Bild: Empfehlenswerterer Weg zu lokaler Prominenz und vielleicht ja sogar finan…
WILHELMSHAVEN taz | Der Abend endet damit, dass Steffen Puttkammer, 23,
Kapitän des SV Wilhelmshaven, einem Kumpel begegnet. Auf der Treppe zum
VIP-Raum, die steil ist, wenn man gerade 90 Minuten gegen den SV Meppen
gekickt hat. Sie geben sich die Hand, der Kumpel fragt: "Isses?" Und
Puttkammer: "Könnte besser sein."
2:5 hat der SVW verloren, ist Tabellenletzter der Regionalliga Nord. In
dieser Saison steigt keiner ab, und so kickt der SVW mit einem Team, das
Oberliga-Niveau hat. Verlieren macht trotzdem keinen Spaß. "Ich weiß bald
nicht mehr", sagt Trainer Christian Neidhart, "was ich meinen Spielern noch
erzählen soll."
Und dann ist da noch "diese andere Geschichte", wie Pressesprecher Jörg
Schwarz sagt. Die beginnt am vergangenen Dienstag. Die Mannschaft trifft
sich zum Kochen, rund ums Qualifikationsspiel Deutschland-Belgien. Dabei
erzählen sie sich was, zum Beispiel, dass einer von einem Ex-Mitspieler
angesprochen worden sei, der nun in der Landesliga-Mannschaft spielt,
gegangen seis um das Spiel gegen Meppen.
## Geld - fürs Verlieren
Da meldet sich ein Zweiter, ihn habe der Spieler auch angesprochen, es
folgt ein Dritter, und so geht das weiter. Das lief per SMS und Facebook.

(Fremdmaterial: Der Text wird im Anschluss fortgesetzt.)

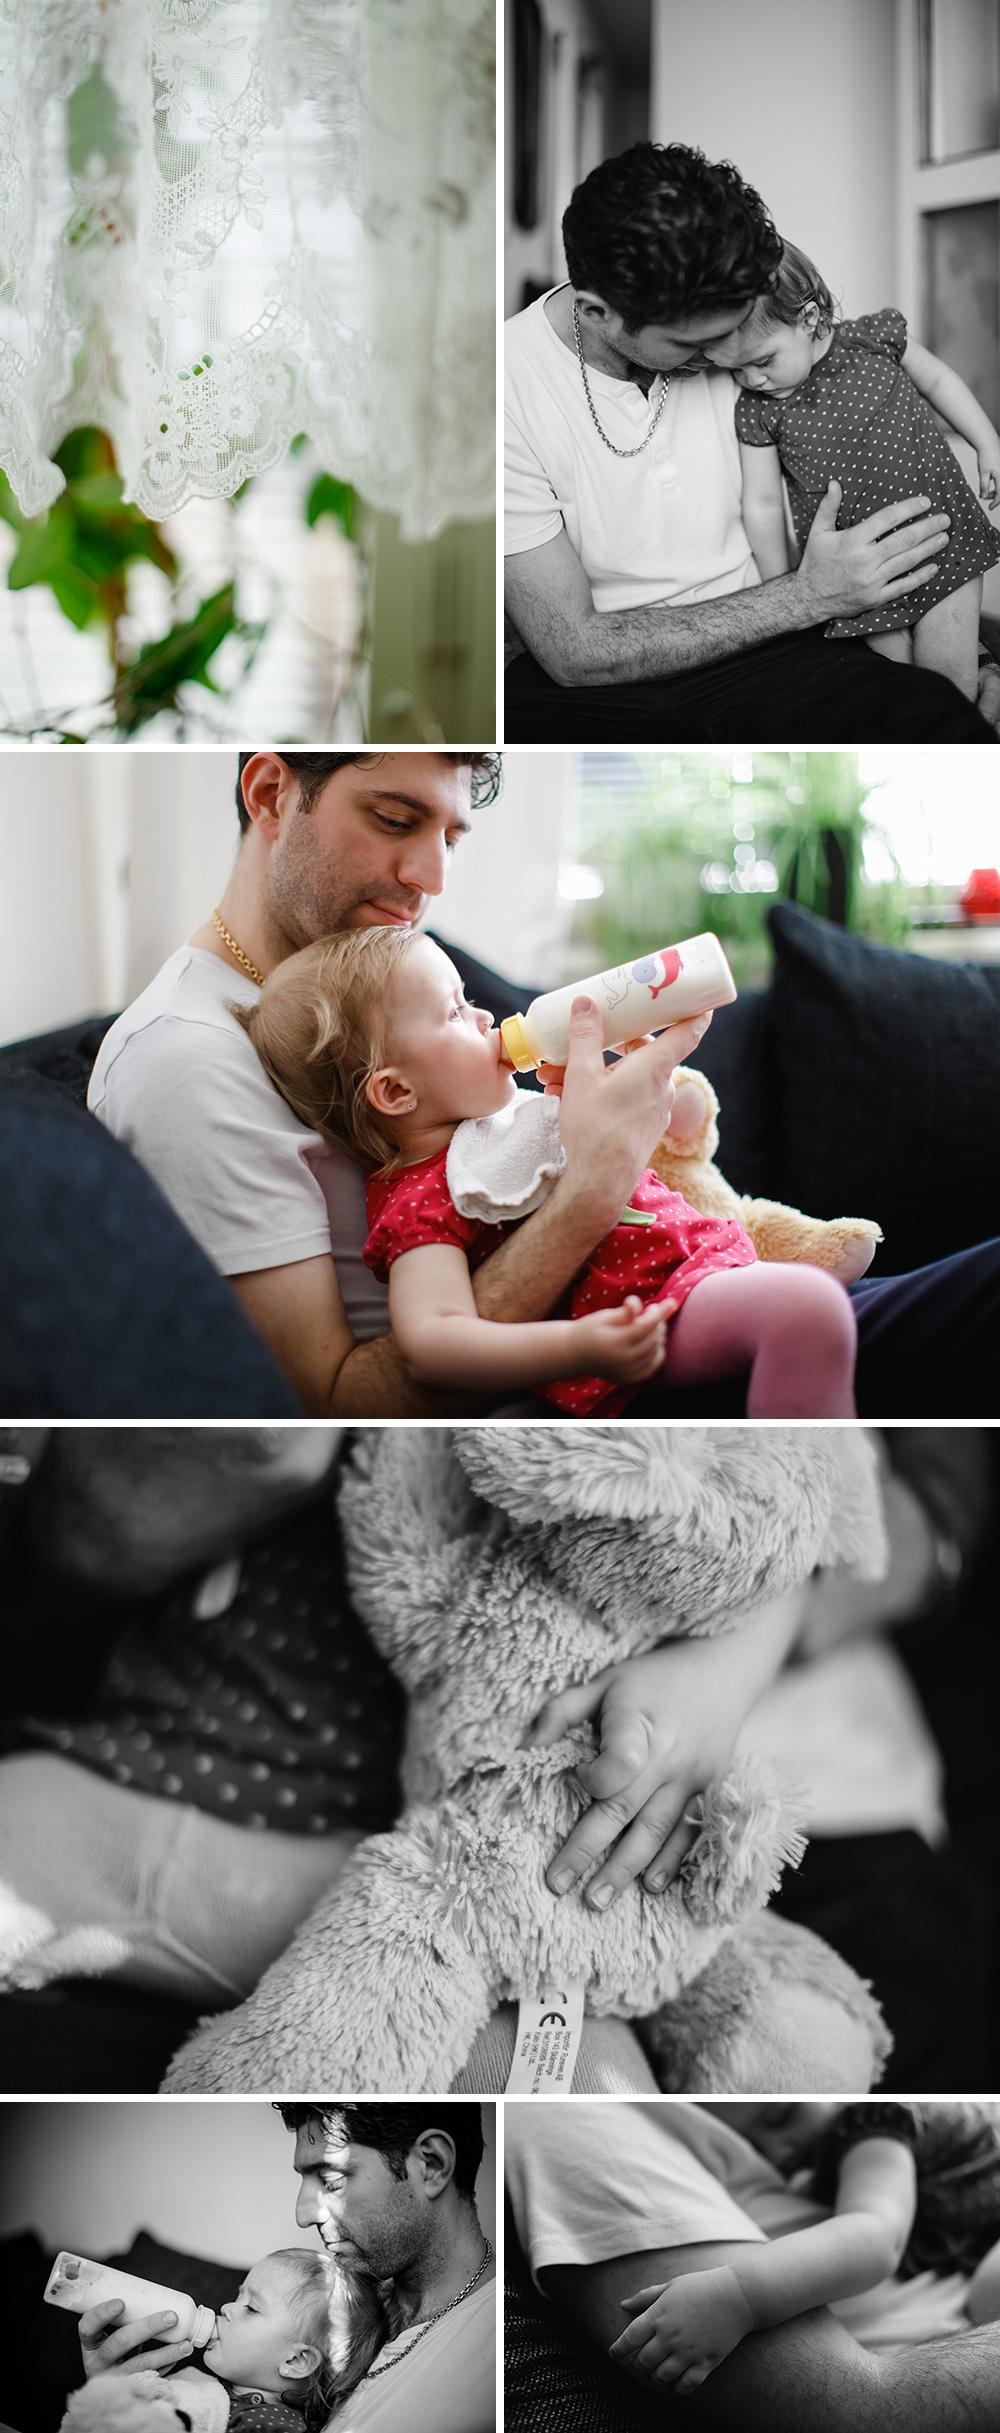 Lifestyle-Storytelling-Familjefotograf-Stockholm_12.jpg
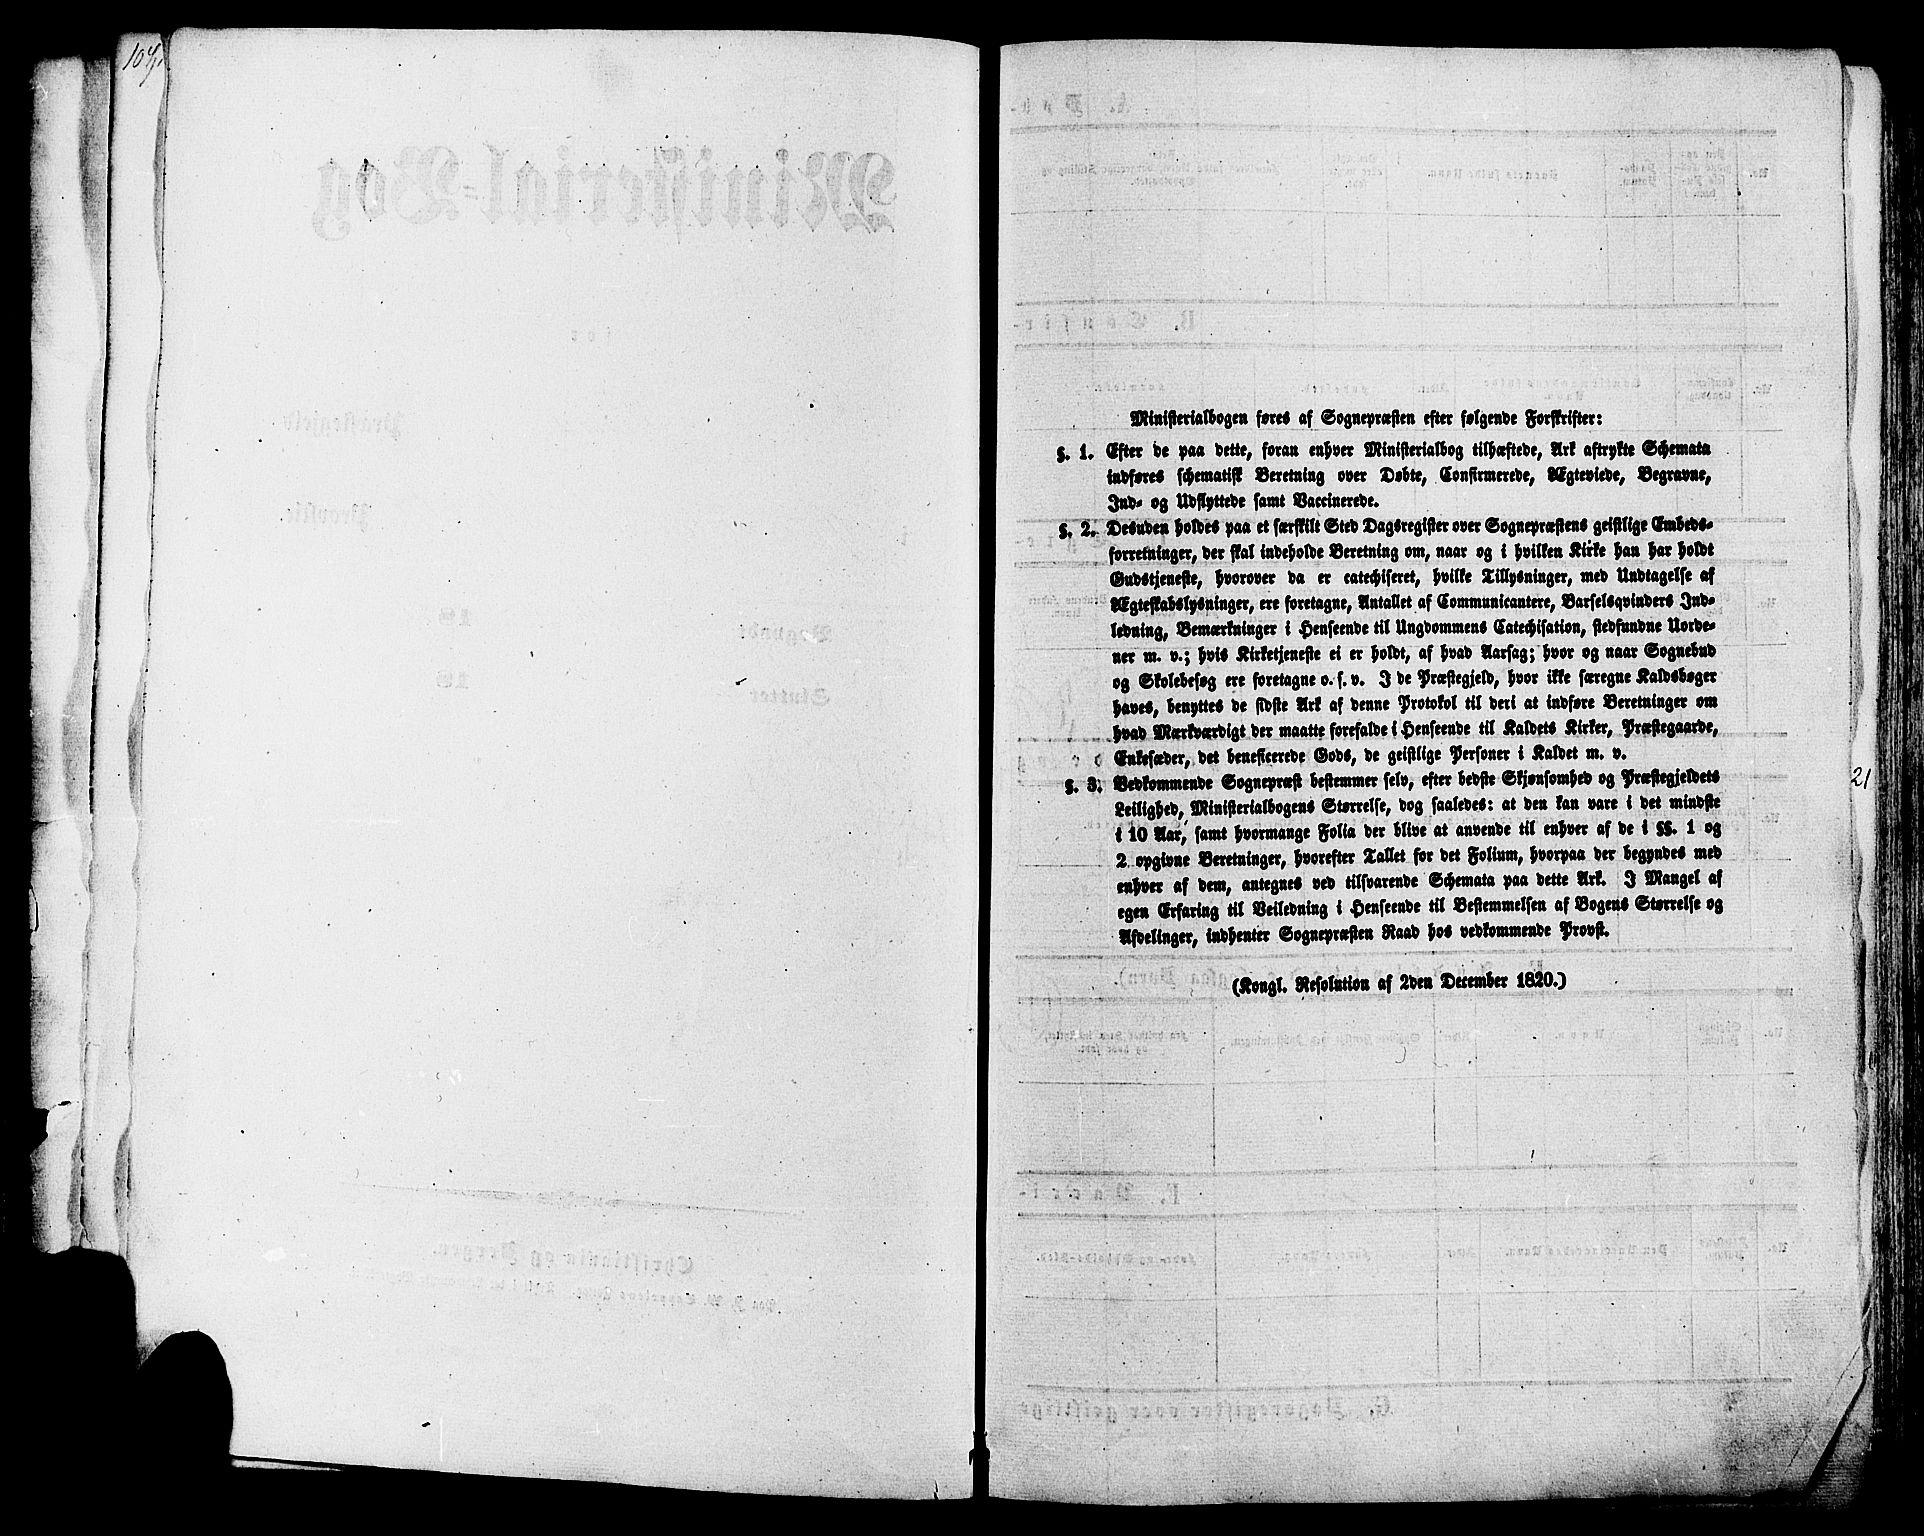 SAKO, Tinn kirkebøker, F/Fa/L0006: Ministerialbok nr. I 6, 1857-1878

Alle reagieren mit "spinnst Du?" Einer berichtet, der Spieler habe ihm Geld
geboten: ein paar tausend Euro - fürs Verlieren.
Keiner hat das Ernst genommen, aber nun? Kapitän Puttkammer geht am
nächsten Tag zum Trainer, der Trainer sagt zum Pressesprecher: "Wir müssen
reden." Der Pressesprecher ruft den Vereinsvorsitzenden Hans Herrnberger
an. Geschäftsführer Bernd Kirchner wird informiert, der spricht mit Markus
Stenger, beim DFB für die Regionalligen zuständig. Und mit dem
DFB-Kontrollausschuss, der jemanden zum Spiel am Freitag schickt. "So
geschockt wie wir war der DFB nicht", sagt Schwarz, "die kennen das schon."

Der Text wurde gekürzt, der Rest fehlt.